August 29, 2017 By Wes McCain 1 Comment

 

I spent 65 of the last 189 days in bed with my smart phone. No, I am not into phone sex! So why have I dedicated 34% of my time during the last six months to being in bed? Not only was I in bed all those days, I was asleep for most of the time. I know this thanks to an app on my iPhone. And my sleep was mostly restful and accomplished without sleeping pills. Ah, technology. But my phone is not my only sleep secret. I have learned that environment, activity, emotional state, age, food, schedule, and one or two other factors, including the weather, must be just right.

Many Parkinson’s patients report interrupted sleep.  Obvious reasons are: restless legs, leg cramps, dystonia, and frequent felt need for urination. I experience these as well as pain due to old injuries not directly due to PD, but, in some cases, related to falls I have taken. Poor sleep is not isolated to Parkinson’s patients; some poor souls complain of poor sleep or insomnia throughout their lives.

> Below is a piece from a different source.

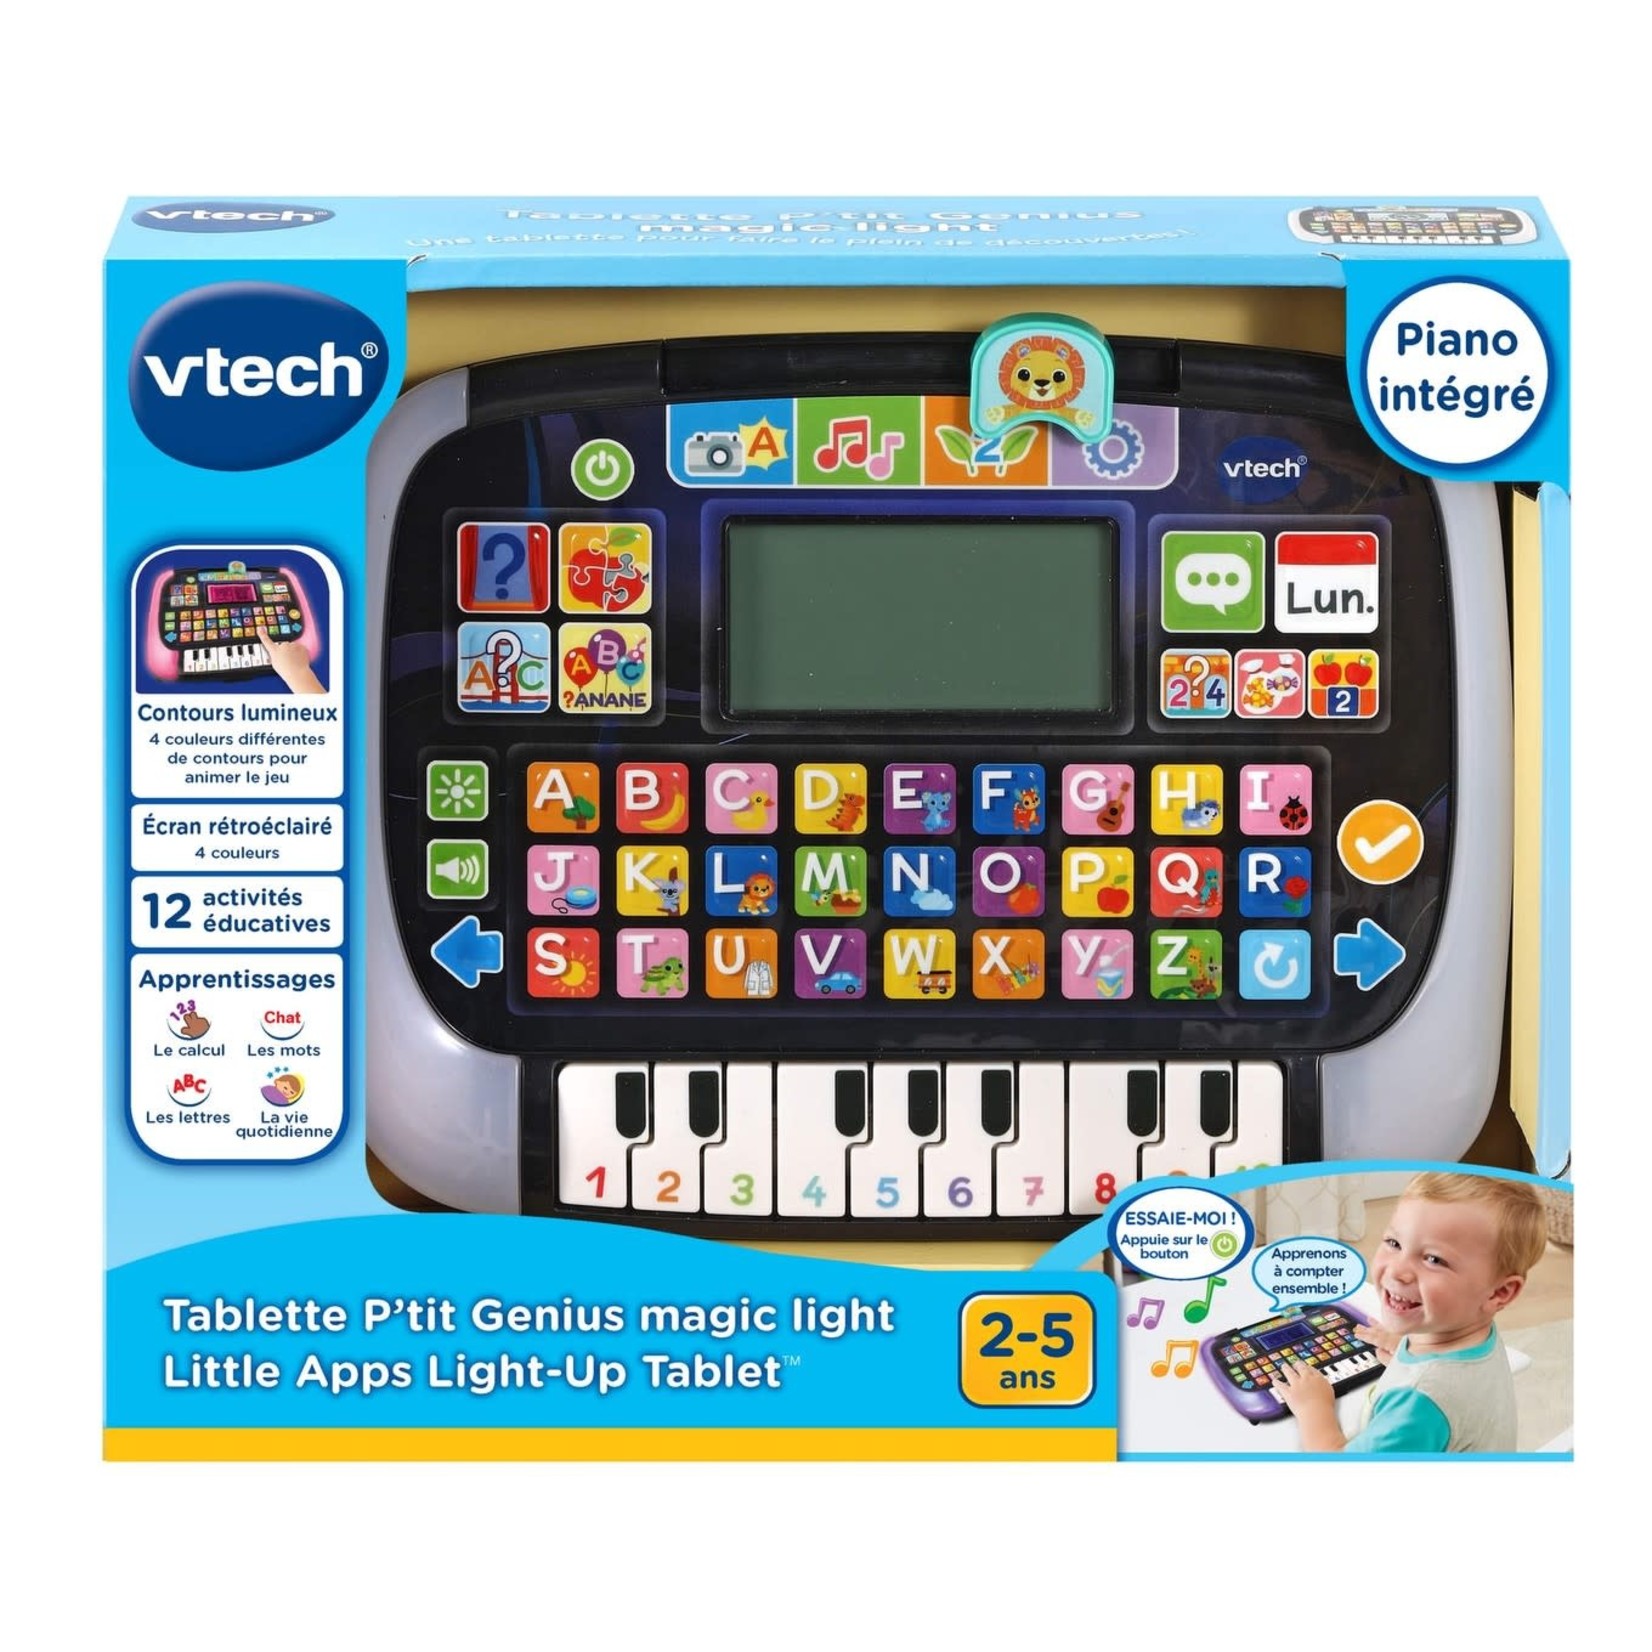 VTech VTech - Tablette P'tit Genius Magic light

Can anything be done to solve this problem or reduce poor sleep?  I asked myself this shortly after my diagnoses in 2005. Like most people, I experienced many bouts of poor sleep during my life time, but something had changed. I did not know it, but I was beginning to experience PD related poor sleep.

Stress as a Reason for Poor Sleep

I knew from my own experience and talking to others that one of the primary reasons for poor sleep was that people worry about something or someone in their life. Financial wellbeing is a constant worry to many people and one I have dealt with over the course of my 45 years in the investment business. The old rule was to “…reduce the portfolio risk down to the sleeping point.” Sleep deprivation comes from worry about loved ones, bad relationships, big mortgages and potential job loss. Perhaps the ultimate sleep deprivation comes when one is grieving the loss of a child, parent, sibling or spouse.  I believe that when sleepless nights are due to the stresses of life some amount of sleep deprivation is inevitable until the problems are resolved.

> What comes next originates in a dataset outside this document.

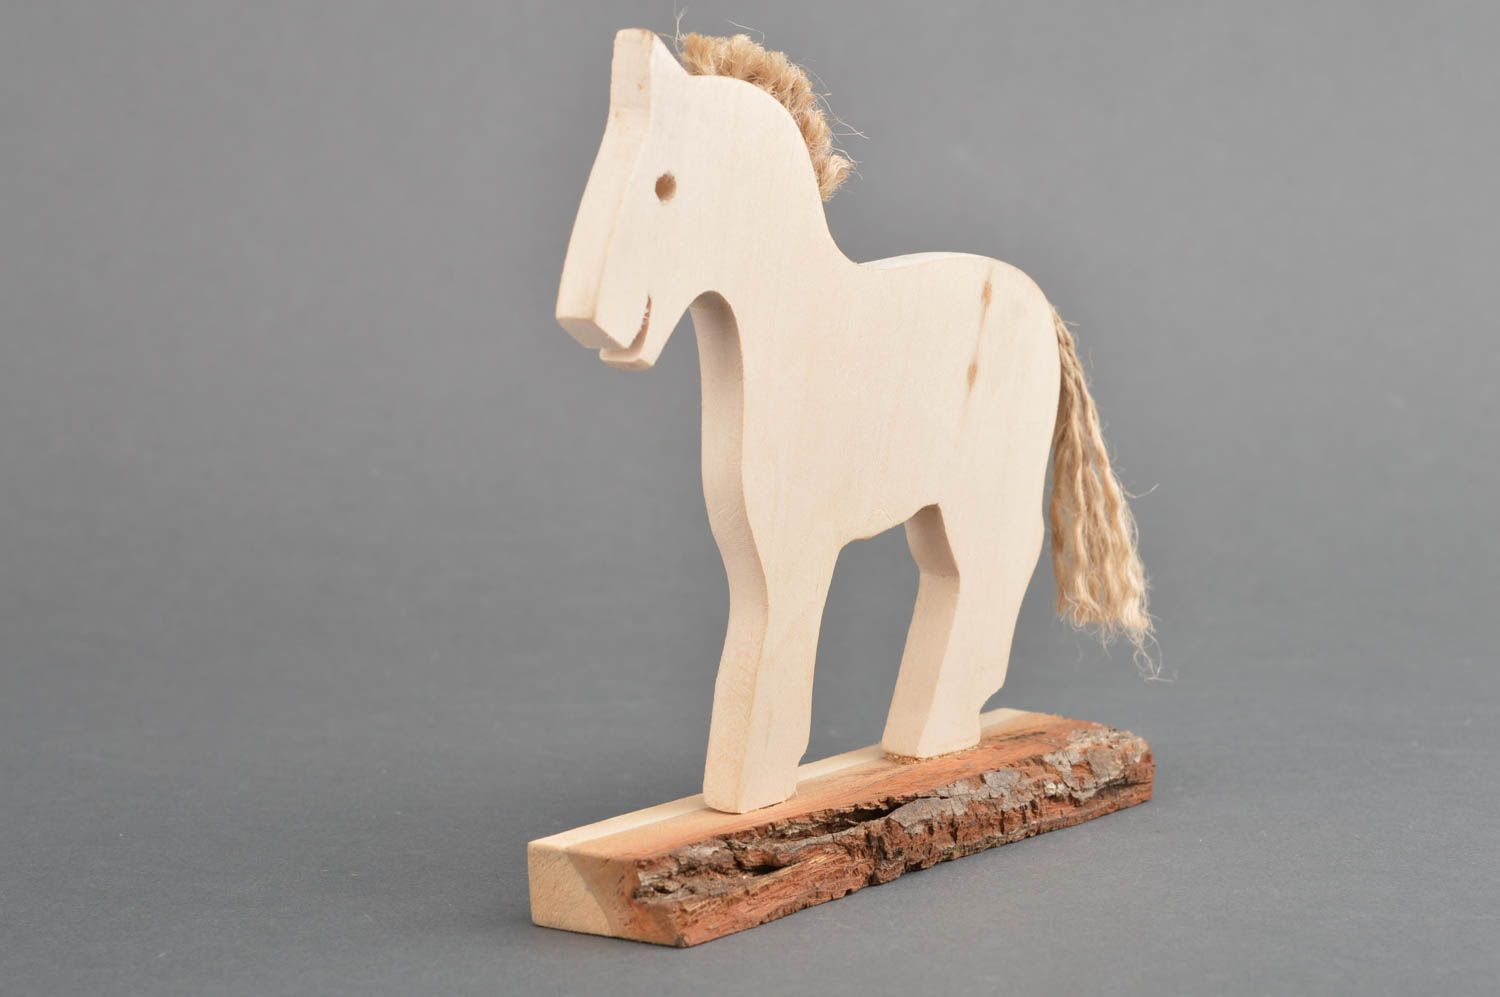 Juguete de madera hecho a mano para niños o para decoración de interior caballo foto 3

Improving Sleep Through Measurement

I concluded that the best approach to my sleep analysis was to keep track of things that I could control separate from those things that I could not. My list started out small, but over time I added and subtracted. Eventually, I considered the following things that I thought mattered and that I could control: did I take an afternoon nap; drink caffeinated drinks after 2pm; eat dinner after 8pm; drink wine with dinner; exercise during the day; exercise after 6pm? For things, I could not necessarily control I added: did I have allergies; did I have a cold; was I sick in some other way; was I experiencing physical pain; was I experiencing emotional pain; was I worried about something or someone in my life; did I travel; was I traveling tomorrow; did I have a stressful day; did I anticipate a stressful day tomorrow?

My idea was simplicity itself.  I created a spreadsheet with the above reasons down the side in the first column; all the columns to the right were dates. If one of the items was true, I placed an “x” in the date. This part of the issue was reasonably objective.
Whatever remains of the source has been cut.